But close watchers of the tea industry, such as the economist and parliamentarian Biplab Dasgupta, have been trying to draw the central government's attention to large Indian tea cartels such as Tata Tea and Hindustan Lever. These have been accused of manipulating prices at tea auctions so that both planters and workers are hit adversely by low prices. Tata Tea became the world's second largest tea company after it acquired the Tetley Group of Britain two years ago, while the transnational Unilever remains the biggest.
"The planters are not prepared to point fingers at the big corporates and find it easier to make their workers pay for the plunder through lowered wages and poor living conditions," Dasgupta told IPS.. Dasgupta pointed to a report commissioned by the state-run Tea Board, released last year by the international management consultants A.F. Feguson and Co, which had also questioned auction procedures and suggested that there existed a nexus between tea brokers and buyers that worked to depress prices.
Market studies have shown that the phenomenon of falling prices is far worse in India than in competing countries, indicating distortions brought on by manipulations at the auctions. When the price of Indian tea fell by 18.73 percent in 2000, the price of Indonesian tea actually rose by 13.55 percent. Kenyan tea prices rose by 13.48 percent and Sri Lankan tea by 7.86 percent.

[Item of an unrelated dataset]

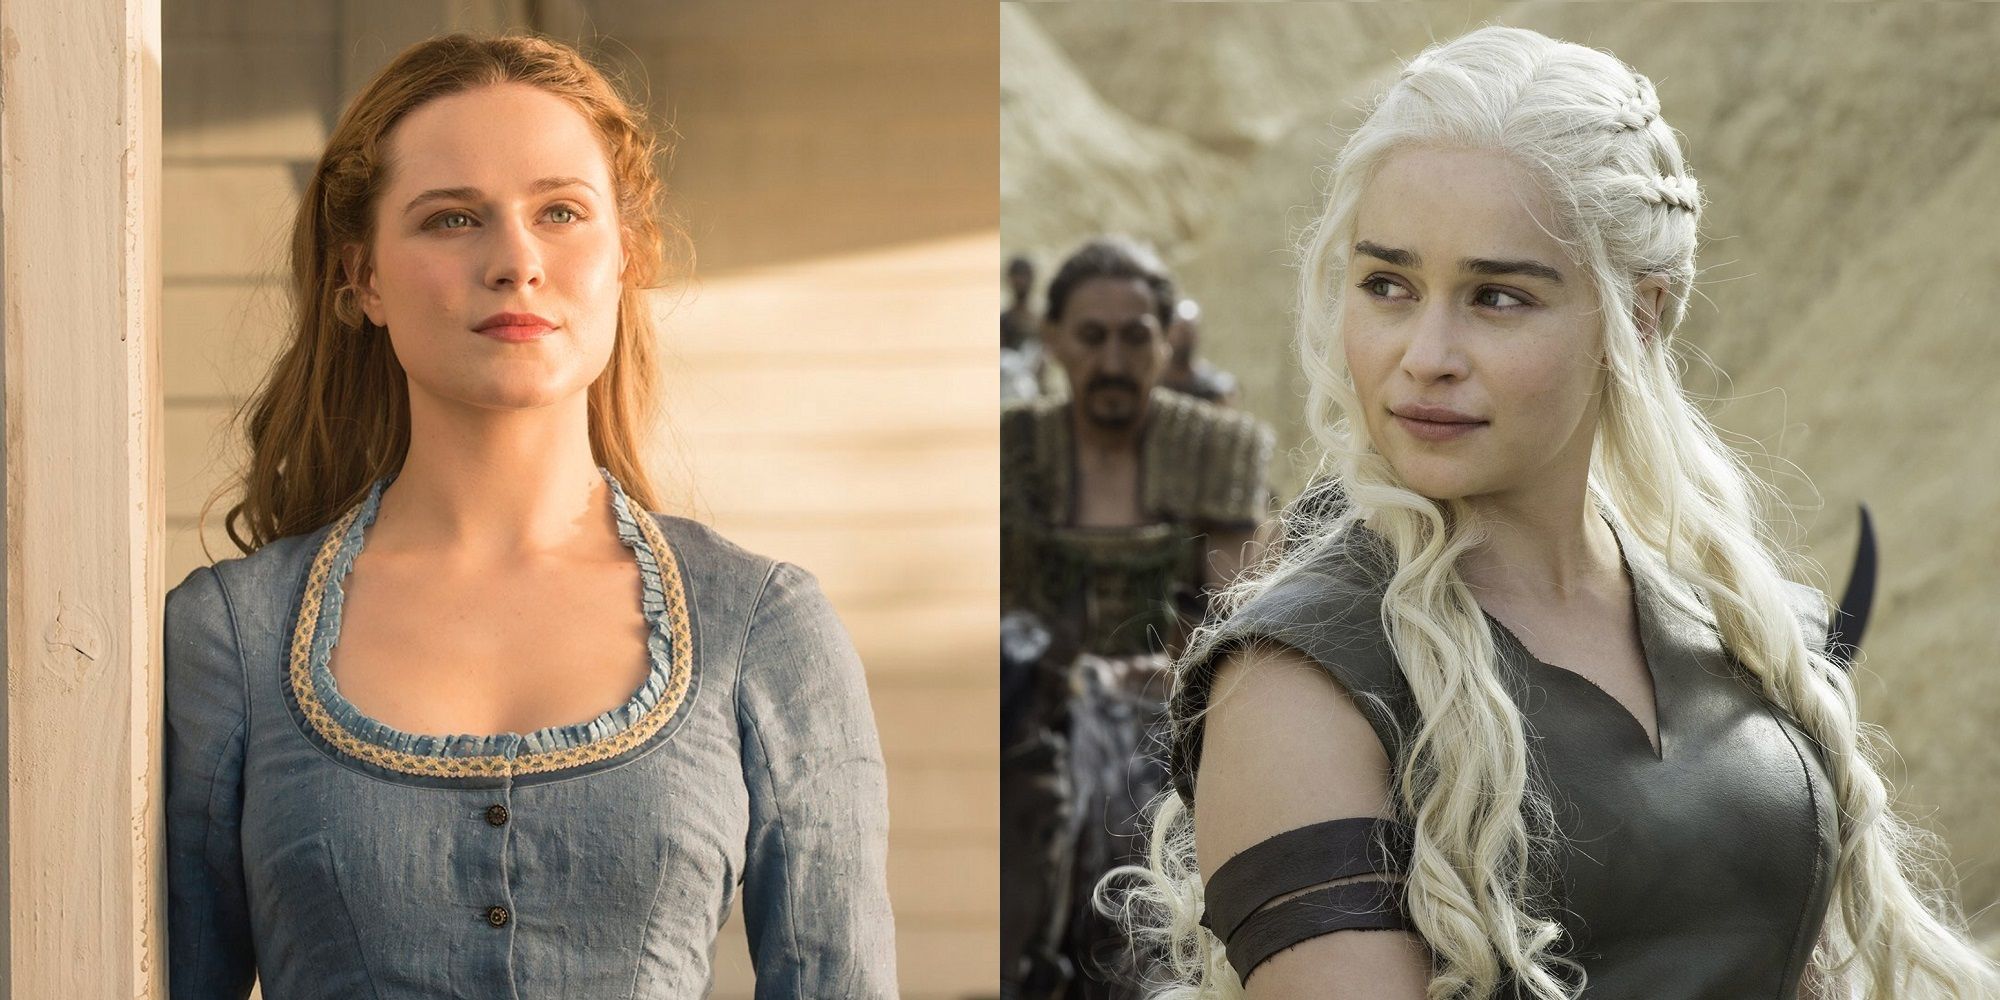 Evan Rachel Wood as Dolores in Westworld and Emilia Clarke as Daenerys Targaryen in Game of Thrones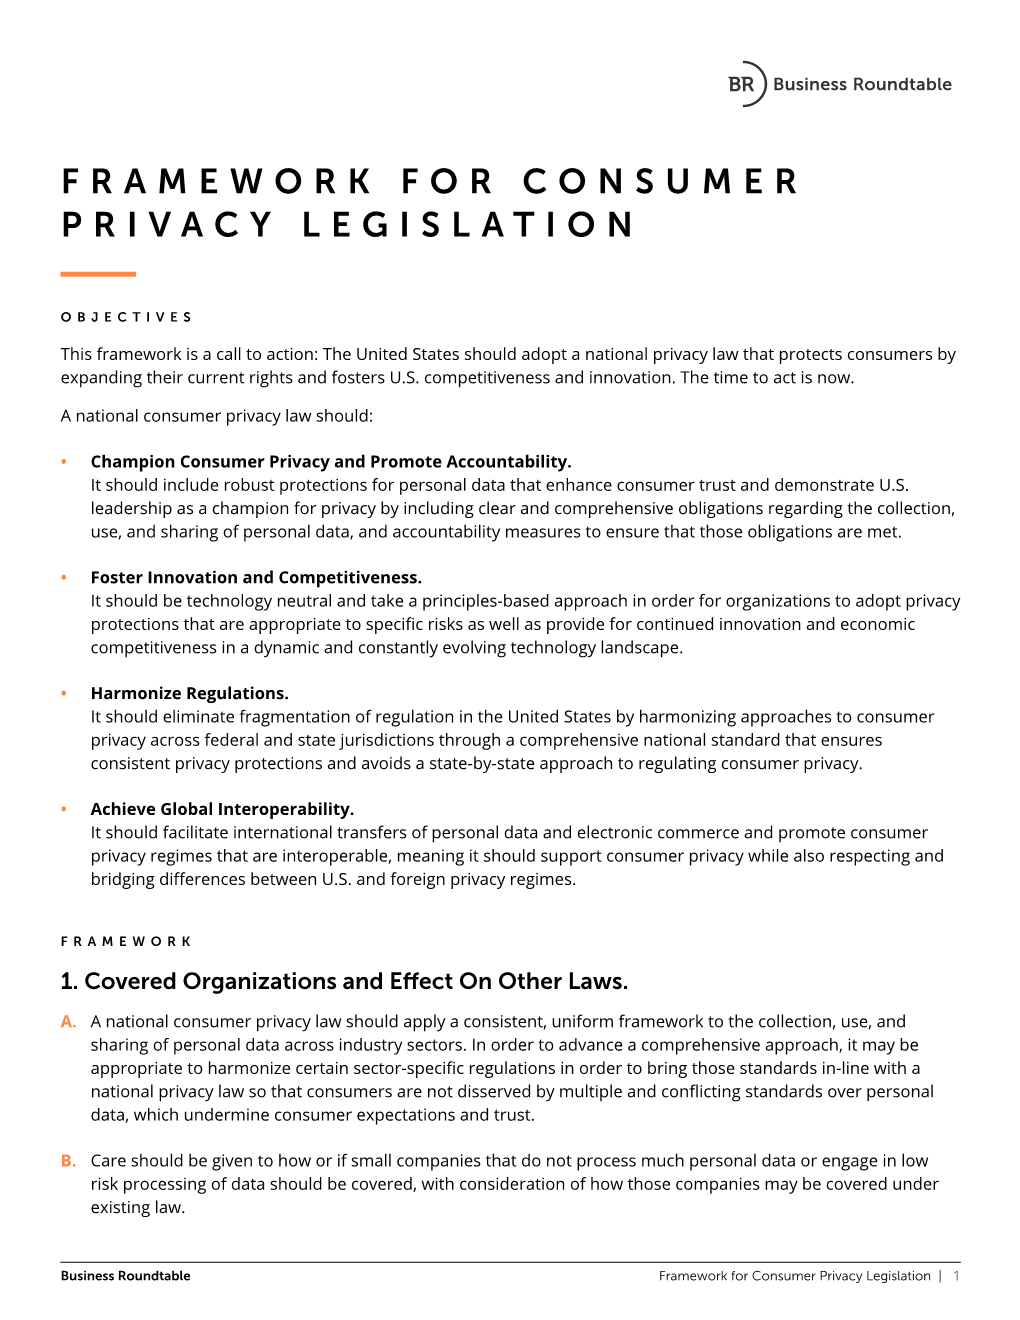 Framework for Consumer Privacy Legislation

Dasgupta said that stipulations that the bulk of tea has to be sold at the auctions, designed to encourage competition and fair prices, now work in favor of the cartels and prevent true market forces from operating. These, he continued, bring ruin to both planters and workers, as well as the whole tea industry. Around the Dalgaon Tea Estate, where last week's massacre took place, more than 30 tea estates are now closed thanks to falling prices and labor problems. Many more are slated to follow suit.
Similar stories of closure are now commonplace in the neighboring tea-growing areas of Darjeeling, famed for its fine teas, and Assam which accounts for half of India's total production. Ranajit Guha, a leader of the All-India Trade Union Congress (AITUC), says that while established tea gardens are closing down, West Bengal has seen a mushrooming of smaller tea gardens that do not see the need to follow prescribed norms. "These gardens have no processing facilities and but sell off their leaves to the larger units and see fit to default on provident fund and other dues so that the condition of their employees is best described as pathetic," Guha said.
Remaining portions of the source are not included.